Problem to work on: No pictures belong in the copy, but every line of the material below must be reproduced exactly.

Data block:
Start of Block
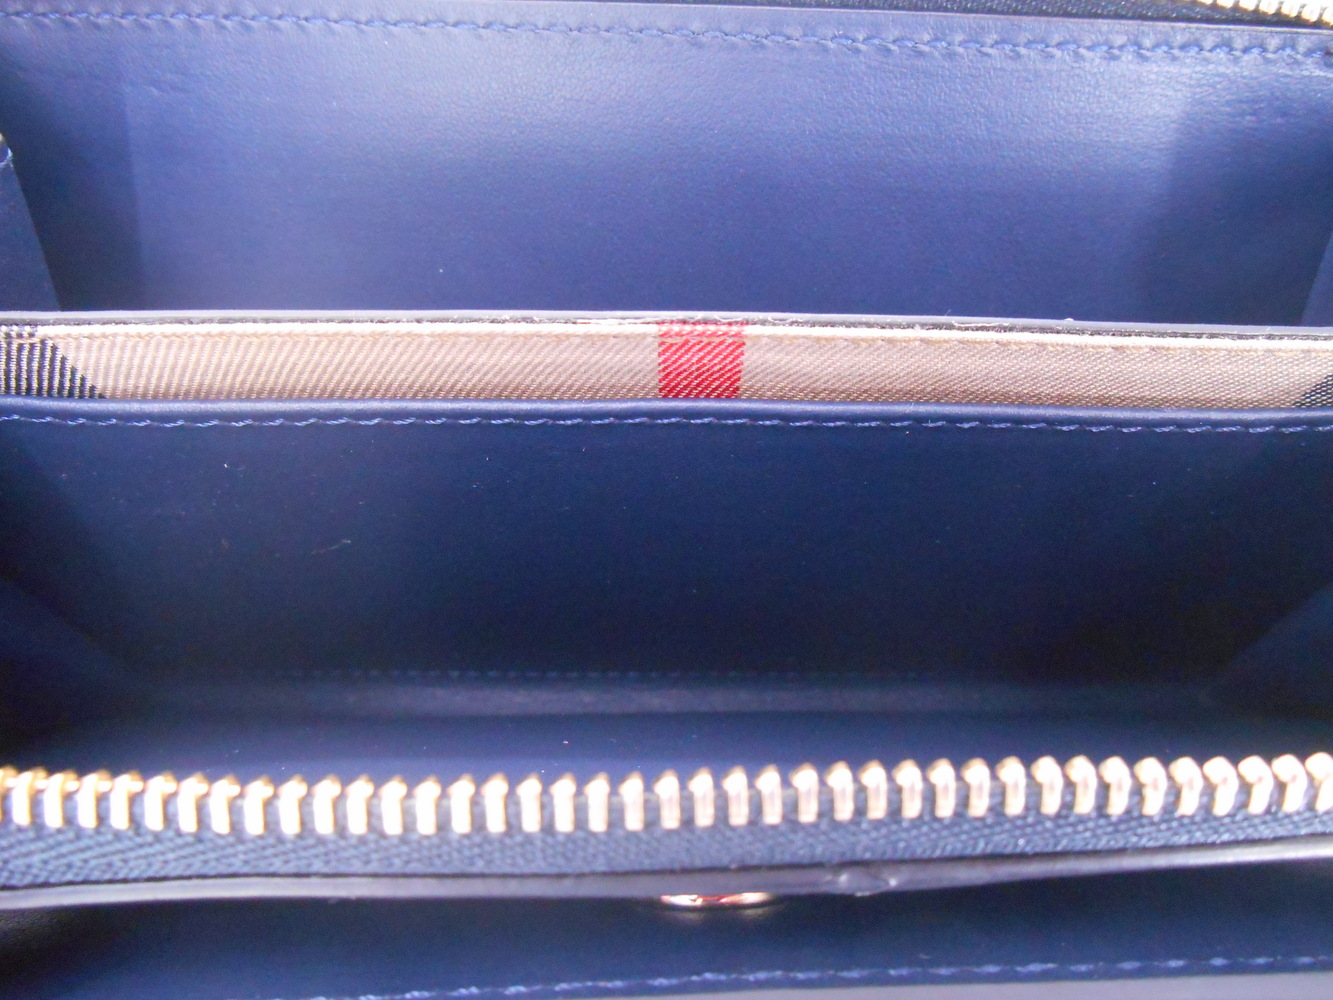 Burberry Alvington Large Leather Wallet
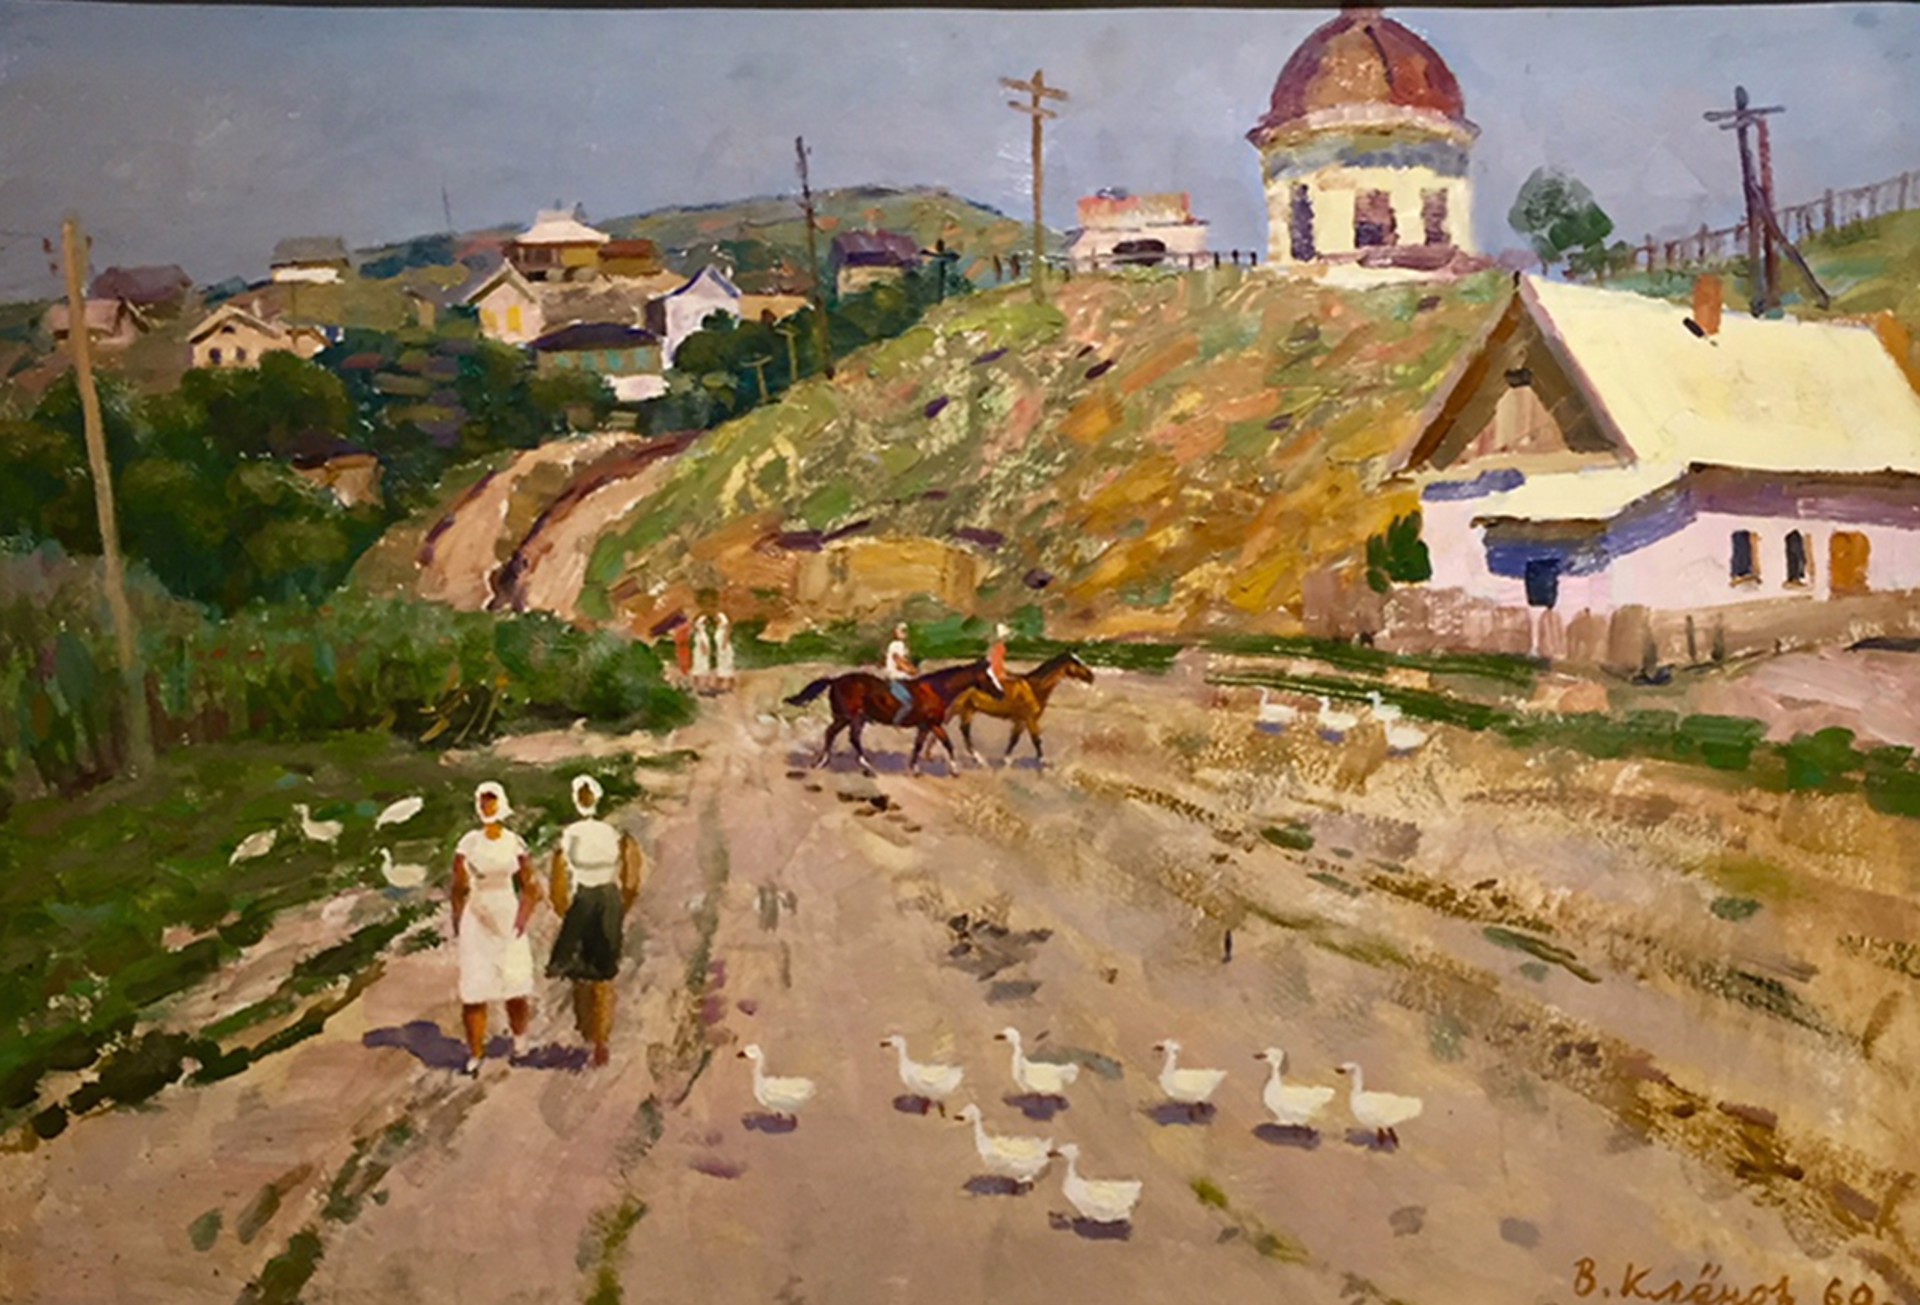 Radzorskaya Village by Vladimir Klionov
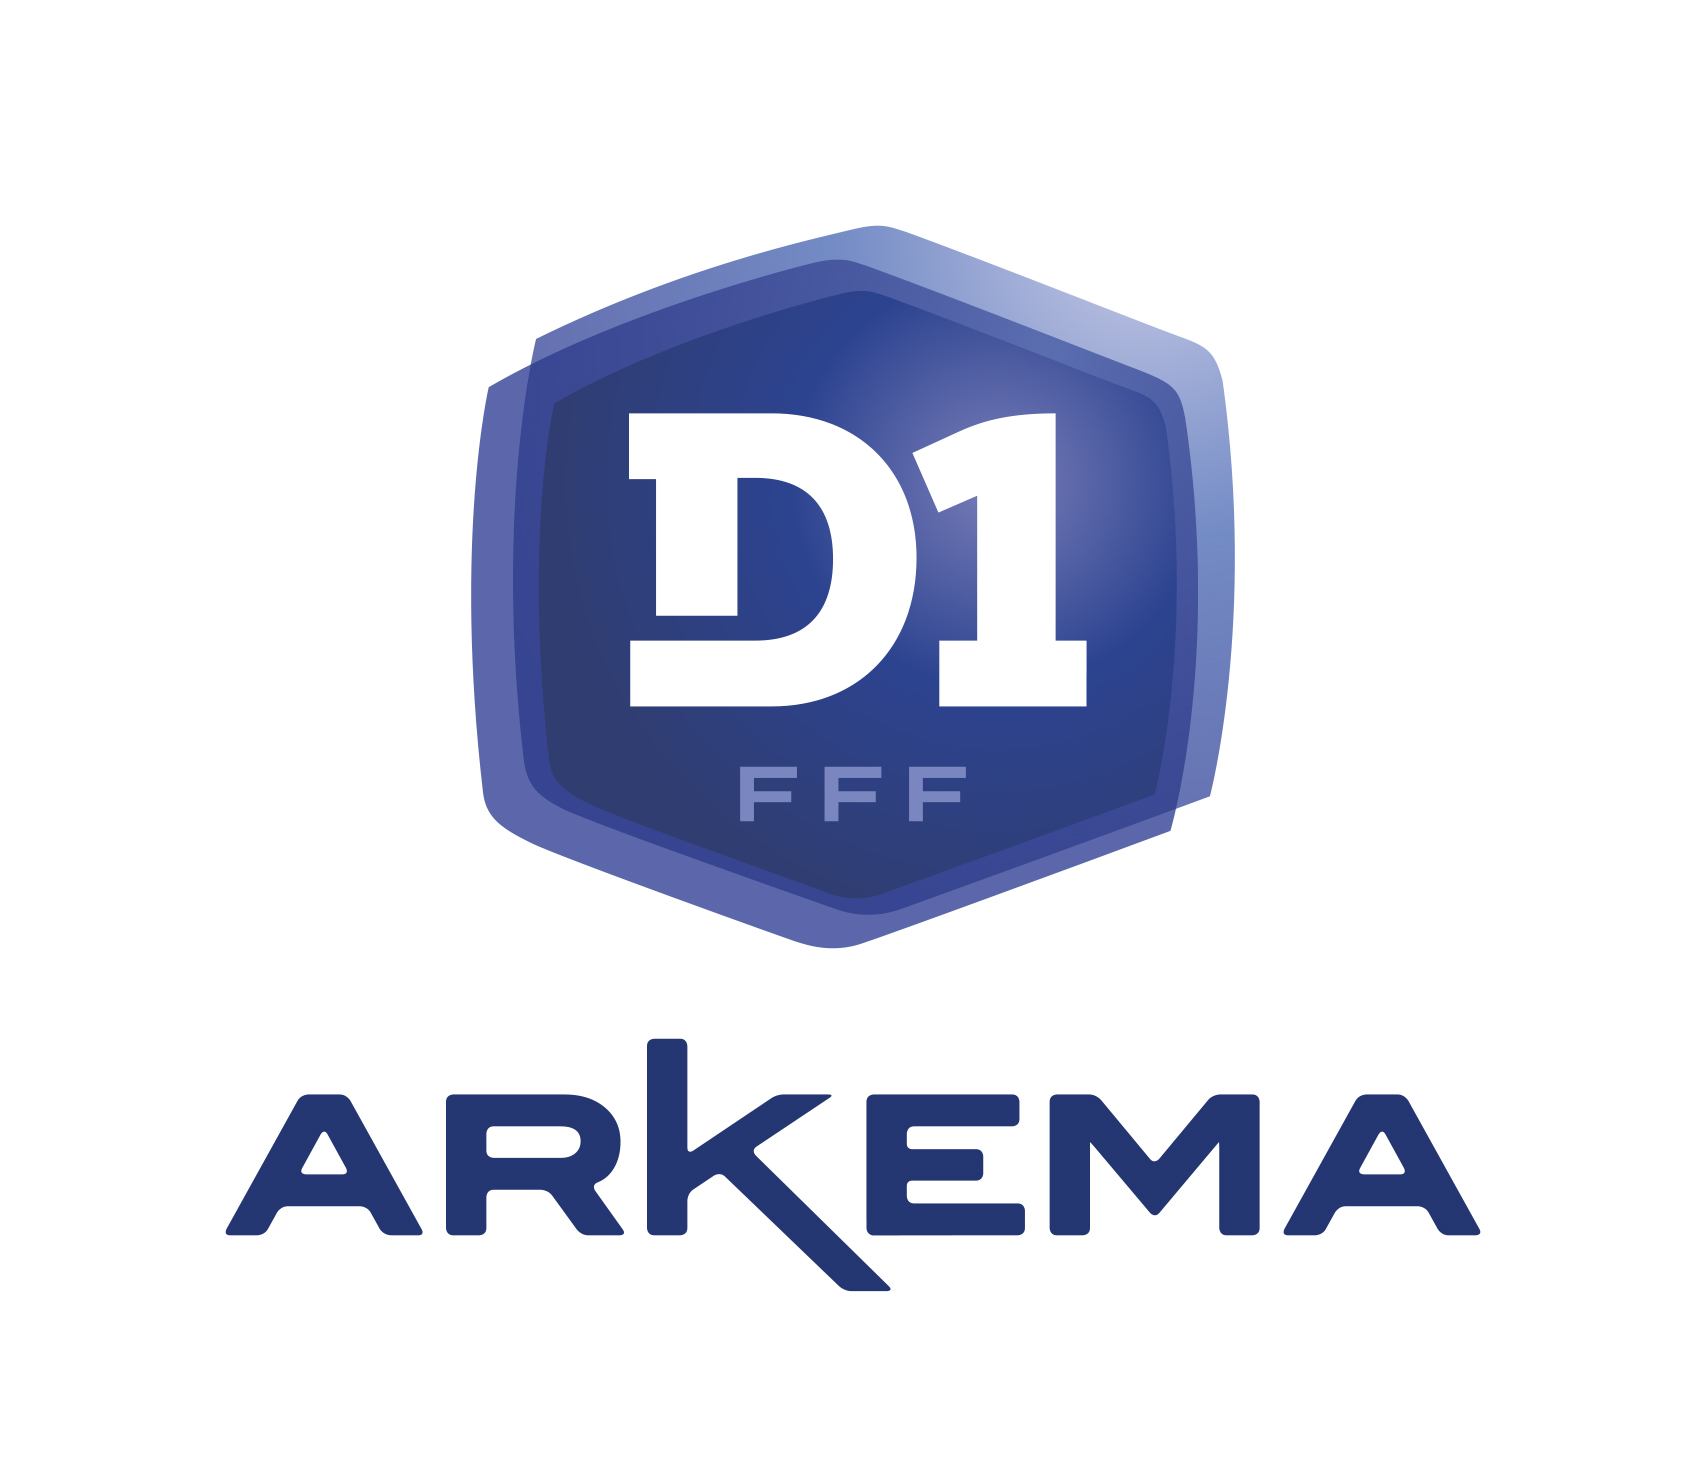 #D1Arkema - J11 : 11 sur 11 pour l'OL, l'ASSE enfonce BORDEAUX, le PSG remporte le derby
End of Block
Answer for this exercise:
 Burberry Alvington Large Leather Wallet
 Radzorskaya Village by Vladimir Klionov
 #D1Arkema - J11 : 11 sur 11 pour l'OL, l'ASSE enfonce BORDEAUX, le PSG remporte le derby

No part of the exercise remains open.